The use of fly ash in concrete and limestone in cement has become the rule rather than the exception. Generally, no more than 20-30% of cement is replaced by fly ash in structural concrete. Here, strength development has always been one of the main user concerns. This study of the durability, the other major issue, of concretes containing 50% fly ash, limestone, or silica flour was initiated as part of an ongoing investigation on the compressive strength development of such concretes. Also investigated was the effect of the presence of these replacement materials on the efficiency of air-entraining chemical admixtures in these concretes. The objectives of this study included the evaluation of abrasion resistance, freeze -thaw durability, scaling, and compressive strength of concretes at 50% (by mass) cement replacement with substitute materials. The ultimate goal was to examine the feasibility of replacing up to 50% cement in concrete.

Materials and mixture proportions Type 10 normal Portland cement (Canadian Standards Association 1983) was used throughout this investigation. The chemical analyses of the cement and replacement materials are included in Table 1. Of the seven fly ashes tested, six were from Canada, including three sub-bituminous, two bituminous, and one lignitic ash. The one ash from the United States was also lignitic. Additionally, two other mineral admixtures were investigated, limestone and silica flour. The latter was considered to be an inert replacement material in this study. The limestone is primarily pure calcium carbonate, while the inert material is essentially pure silica. A neutralized vinsol resin air-entraining agent was used in this investigation. The superplasticizer was a modified napthalene sulfonate. The mixture proportions (per m3) used were as follow: cementitious material, 300 kg; coarse aggregate (14 mm max), 1200 kg; fine aggregate, 800 kg; water, 141 kg; and water-cementitious ratio (constant), 0.47. The coarse aggregate used was composed of equal percentages of limestone and quartzite with minor amounts of shale and siltstone present. The sand was a manufactured sand from the same source. Some segregation was noted during preliminary testing and it was deemed necessary to split the fine aggregate into three fractions. These fractions were (1) coarse - retained on 1.25 mm sieve; (2) medium - passing 1.25 mm sieve but retained on the 315 micron sieve; and (3) fine - passing the 315 micron sieve.
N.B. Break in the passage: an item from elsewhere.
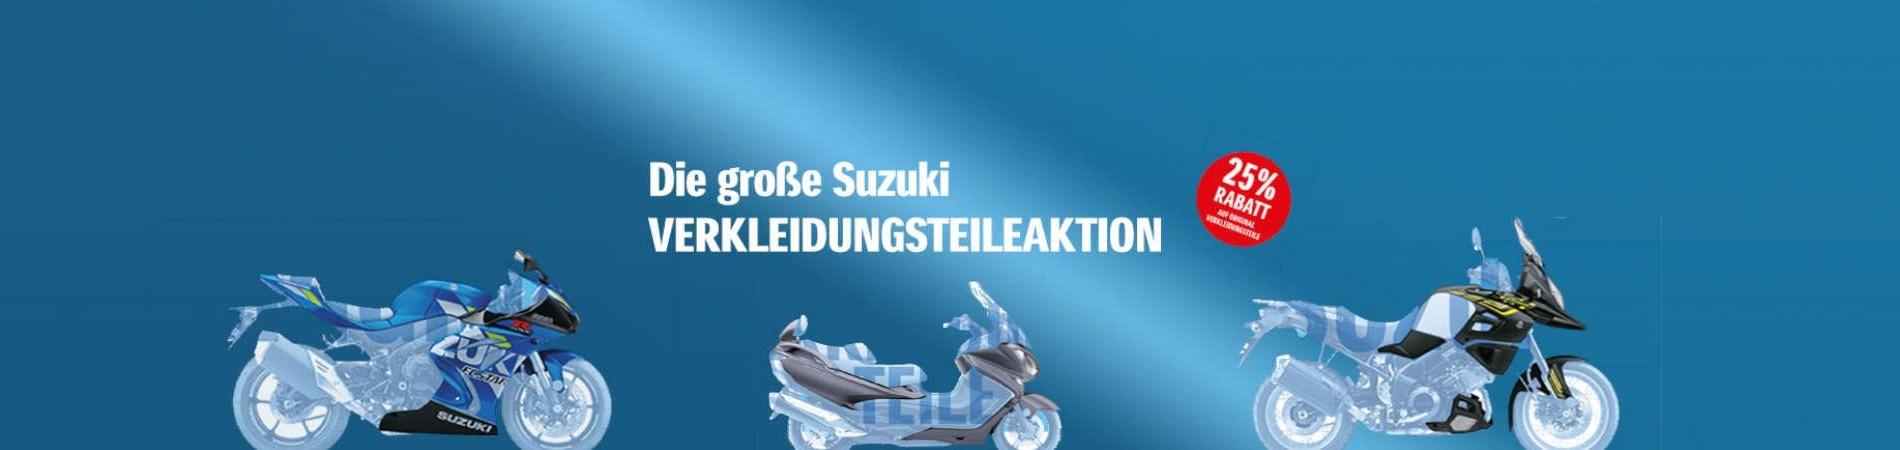 Lassen Sie Ihre Suzuki in neuem Glanz erstrahlen!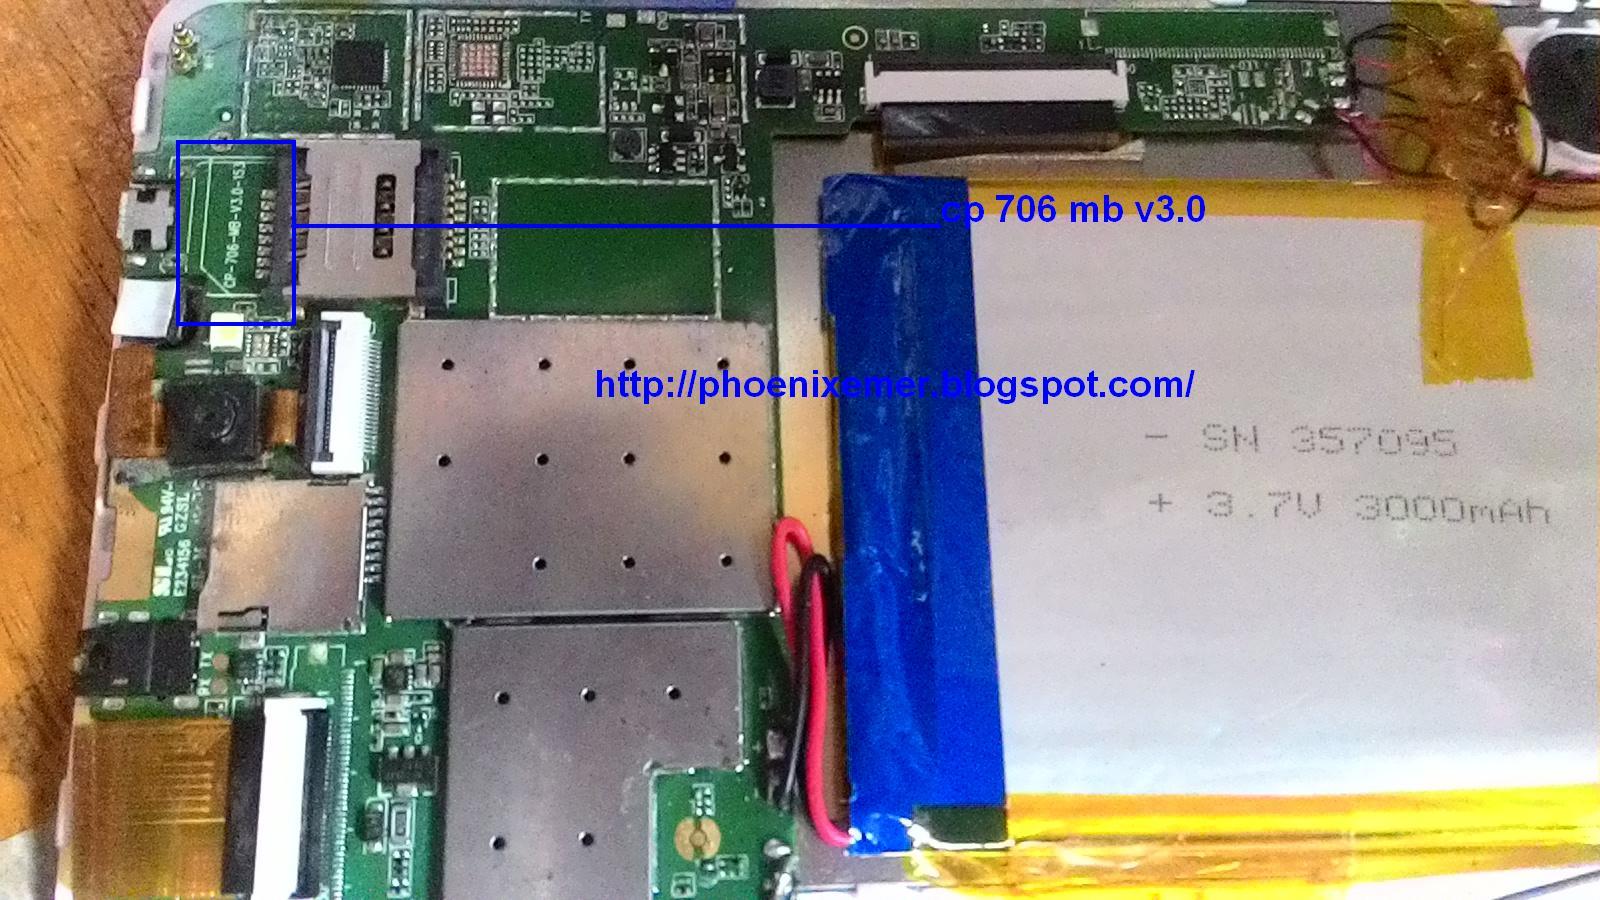 CP-706-MB-v3 0 mt6572 Firmware Backup - Emerlits Gsm Service

Prior to mixing, the sand was recombined to meet the requirements of CSA Standard CSA-A23.1-M77 (Canadian Standards Association 1977a). All mixing water came from the City of Calgary water supply. Mixing and casting procedures To maintain accurate control of the water content of these mixes, the coarse aggregate was soaked in water for 24 h and then allowed to drain for 1 h prior to mixing. A blotting and weighing technique was employed to permit an accurate calculation of the mixture water requirements. An Eirich (0.085 m3) pan mixer was used throughout this series. Dry sand was blended with a predetermined amount of water to bring it to the saturated surface dry condition. The coarse aggregate and the cementitious material were then placed in the mixer and blended thoroughly. Next, 2 kg of the

mixture water containing the required amount of air-entraining agent was added, after which mixing continued for a further period of 30 s. The superplasticizer, when required, was added to the mixture at this point. Lastly, the balance of the mixing water was added and mixing continued for 1 min, followed by a minute of rest and a final minute of mixing. Waterto-cement ratios of the labortory mixtures were not corrected for the water in the superplasticizers. Admixture dosages are given in Table 2. Air content of the plastic concrete was determined by the pressure method (ASTM C231 and CSA A23.2-4C). The slump was measured according to ASTM C143 and CSA A23.2-5C and the Vebe time was determined according to British Standard BS 1881 Part 2 (British Standards Institution 1970). Properties of the fresh concrete are included in Table 2. With these tests completed, the concrete was cast into the required moulds. With the low-workability concrete mixes, both vibration and rodding were required to obtain full compaction. On completion of casting, the specimens were transferred to the fog room (20 f 2°C and 95 f 3% relative humidity), covered with burlap to keep the top of the sample moist, and left for 1 or 2 days as required prior to demoulding. It was found necessary to cure the mixes made with Eastern Canadian ashes (Lingan and Nanticoke) for 2 days in the moulds, as the strength development of these concretes at 1 day was insufficient to prevent damage during the demoulding procedure. After demoulding, the specimens were returned to the fog room for curing until testing.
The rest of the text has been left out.